Imagine a joint force fighting to retake maritime terrain from a hegemonic peer, spearheaded by a highly adaptable MAGTF—one that can reorder itself for battle based on the enemy vulnerability in front of it. Such a force could identify an enemy system and shift between main efforts at a speed that outpaces the enemy.
More specifically, consider the following example:
The enemy fleet holds a position of strength in key maritime terrain, flanked by atolls that are home to its air defense systems. Unmanned and lightly guarded, those air defenses are identified as a vulnerability in the enemy’s naval system. To force the enemy fleet to move to a more favorable position for the joint force to strike, the Marine Corps maneuvers over-the-horizon fires onto the lightly defended atolls. The MAGTF commander designates his fires assets as the main effort at the operational level. The fires commander selects the most advantageous position for his launchers, and resources move to support him.
At the tactical level, the MAGTF commander designates components of the aviation combat element (ACE) as the initial main effort, as he plans to put the launchers on an island with beaches unsuitable for landing heavy equipment. Marine Corps infantry support the ACE by conducting raids on enemy air defenses, disabling them, and consolidating elsewhere on land to create a fledgling EAB. Aircraft then deliver the launchers, and the tactical main effort shifts to the infantry maneuvering on the island in support of the EAB.
Ground-based observers using drones spot the enemy fleet over the horizon and transmit an antiship missile call for fire without using national strategic-level assets. The local fires commander goes ashore as the bid for success at the campaign level; he has approval authority to fire on the enemy fleet, shortening the kill chain.
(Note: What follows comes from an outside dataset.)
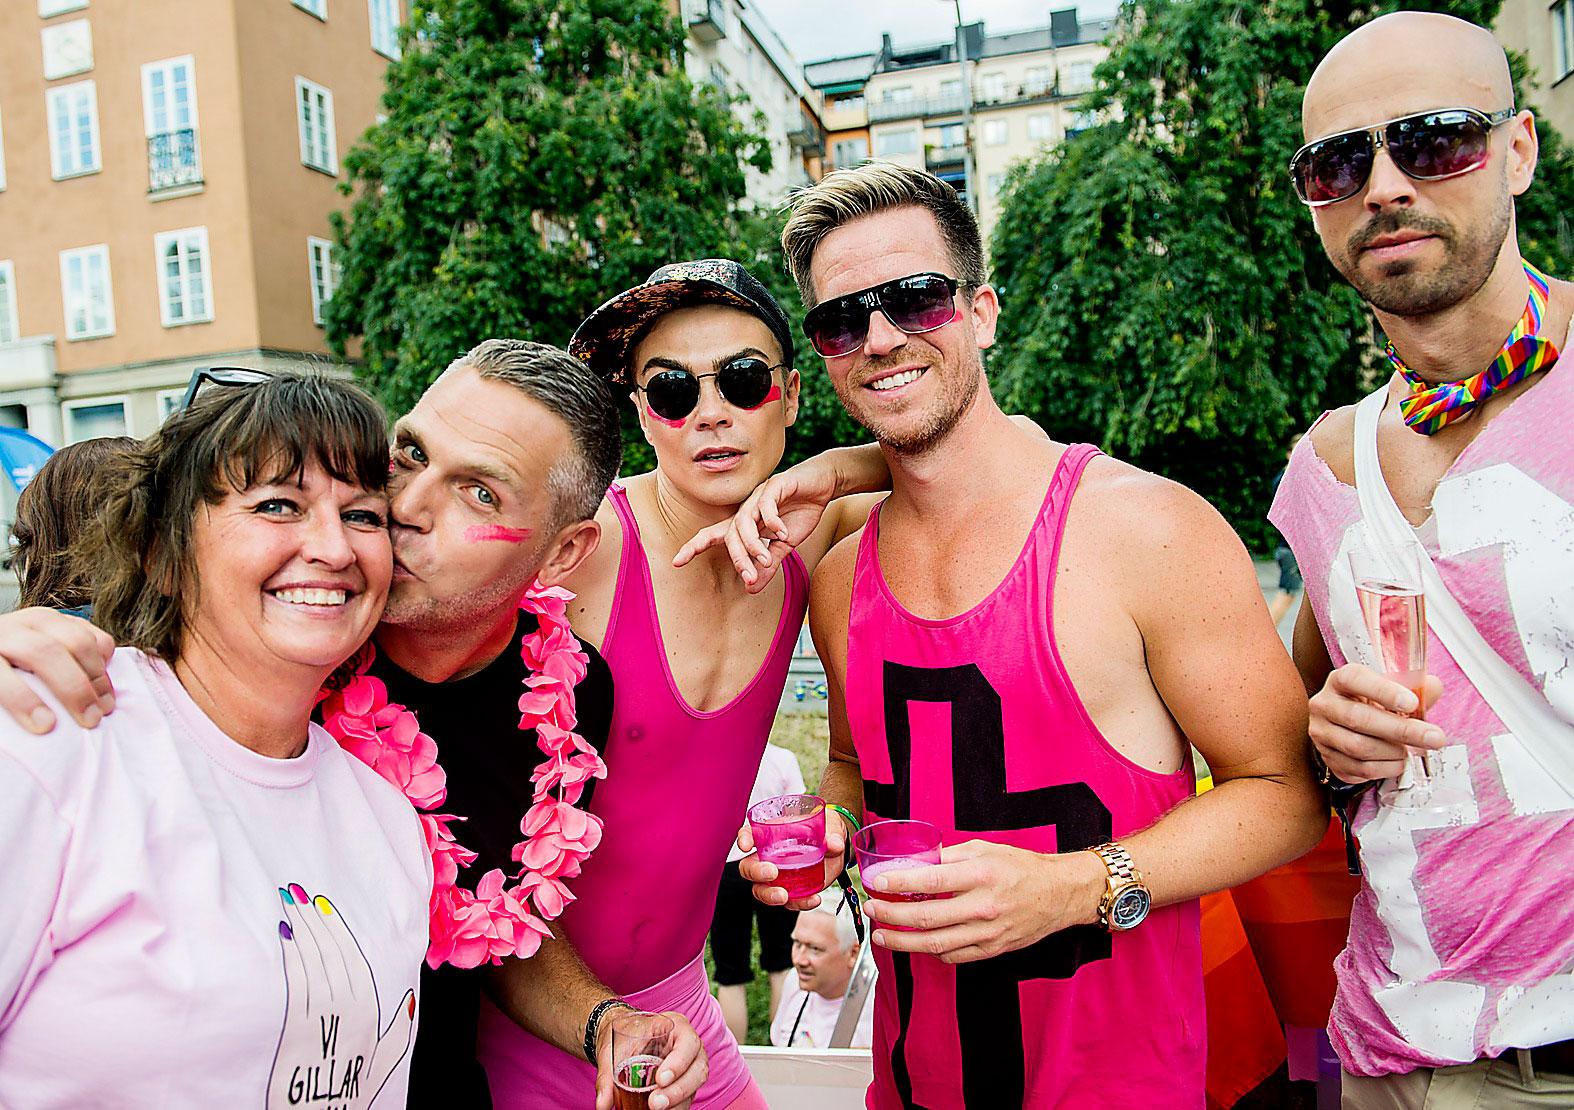 Sofia Olsson Olsén och Schibsteds informationsdirektör Fredrik Lindén tillsammans med Kristian Kaspersen, Göran Svensson och Henrik Wallin på Sportbladets vagn i Prideparaden förra året.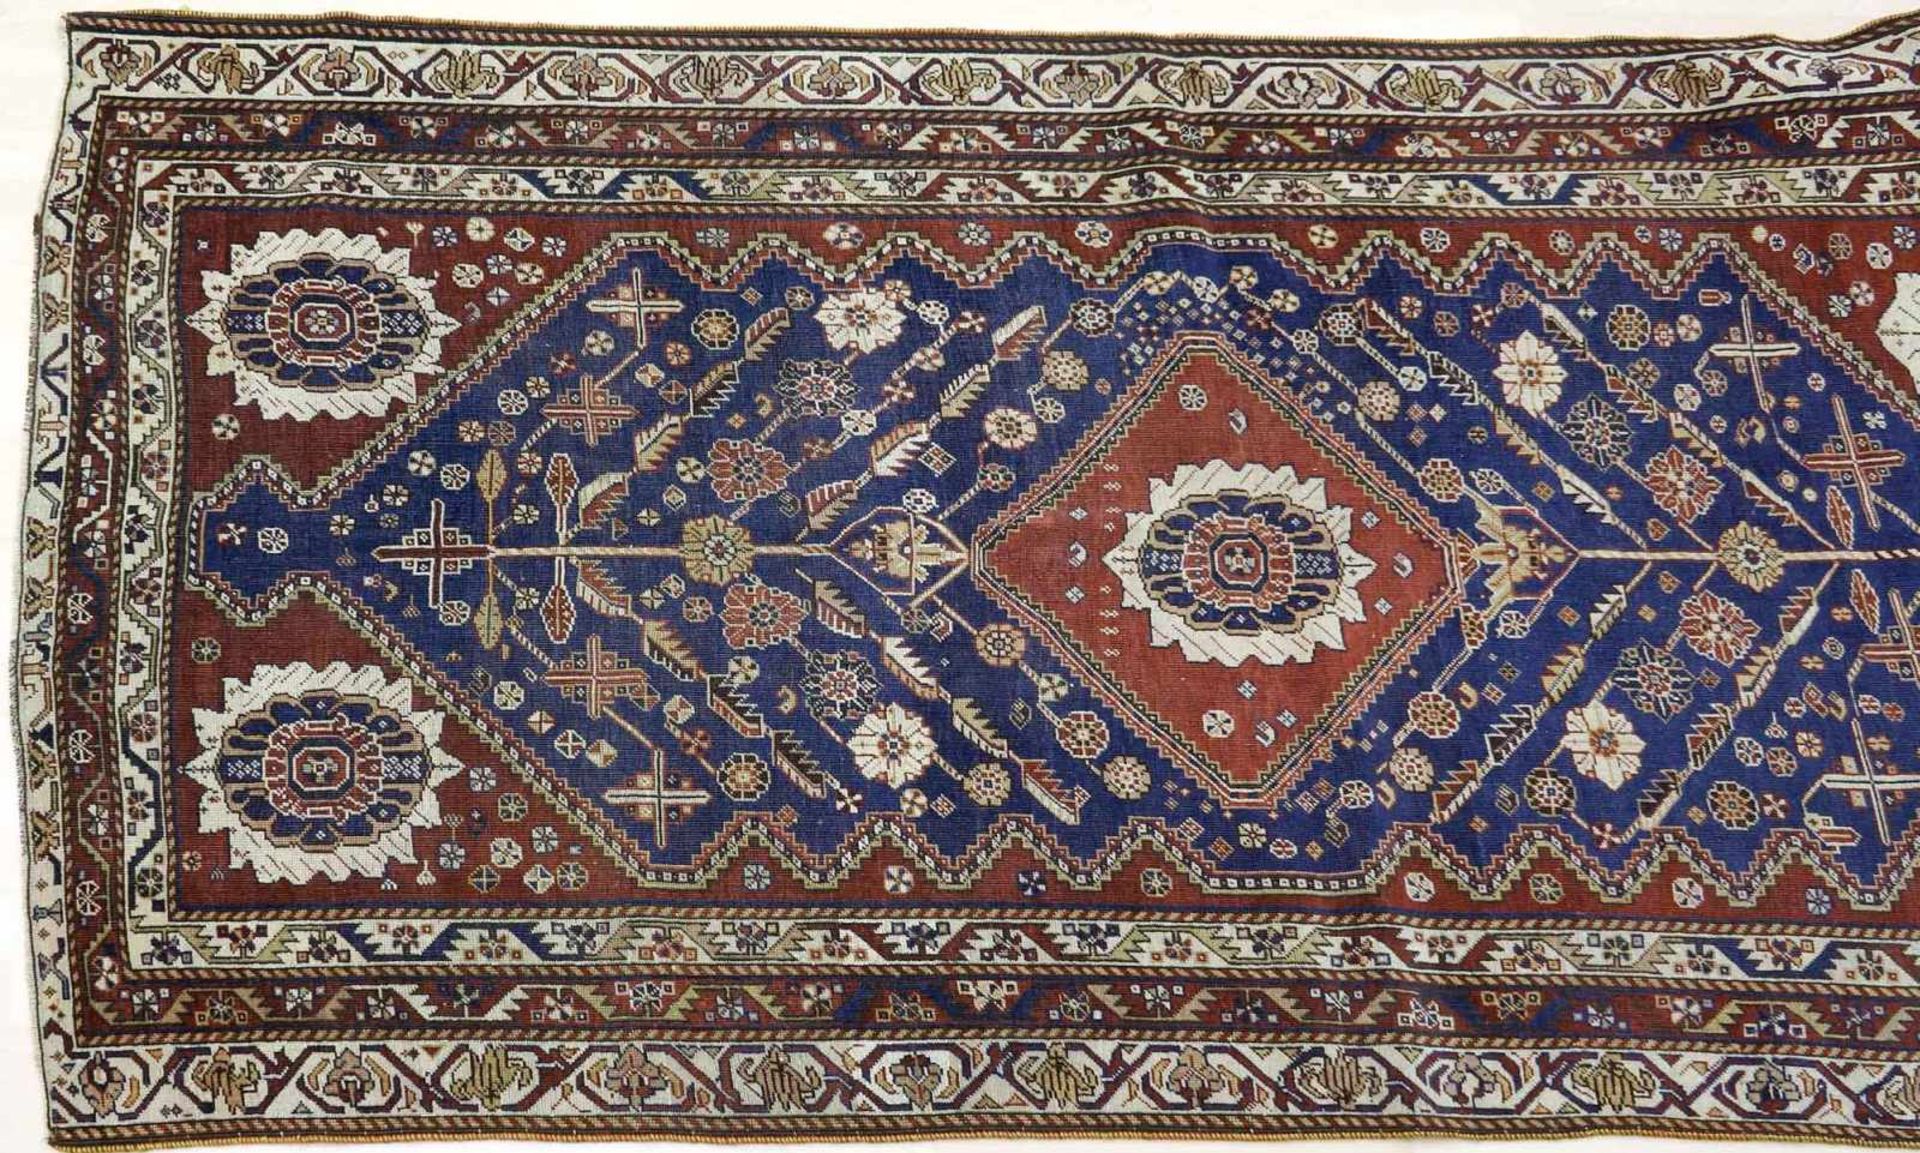 Teppich, Brücke, Kaukasus, wohl Aserbeidschan, alt - antikWolle auf Wolle. Vier gleiche, schmale

He does so, sending the surviving enemy ships in a mad dash to exit the weapon-engagement zone and right into follow-on naval maneuver by the friendly fleet.
This is a best-case scenario, written without consideration of enemy actions and the ever-present friction of war. While this does not make it null and void, reality will not be so easy.
Of note, this is not an argument for relegation of the infantry. In fact, the batteries that go ashore on EABs should be hybrid cannon-missile batteries, able to transition to traditional fire support to better support infantry engaged with the enemy on the ground. It is merely an argument for a more fluid MAGTF with more options for bringing force to bear on an enemy. Some deployed MAGTFs have experimented with similar ideas in recent years, designating parts of either the logistics combat element (LCE) or ACE as main efforts; however, a disconnect exists between those few instances and service-level training. That is a dangerous disconnect. Innovation should be continual and from everywhere, but Marines should practice things before they must do them in combat.
The capabilities of the future MAGTF make the Marine Corps well suited to contribute significantly to the joint force’s conduct of the next naval war. The only limit is doctrinal, but the doctrine in question allows for much more than the status quo. It is up to the Marine Corps to determine how much it contributes to a future naval campaign; recent force design has the potential to make the service’s role more significant.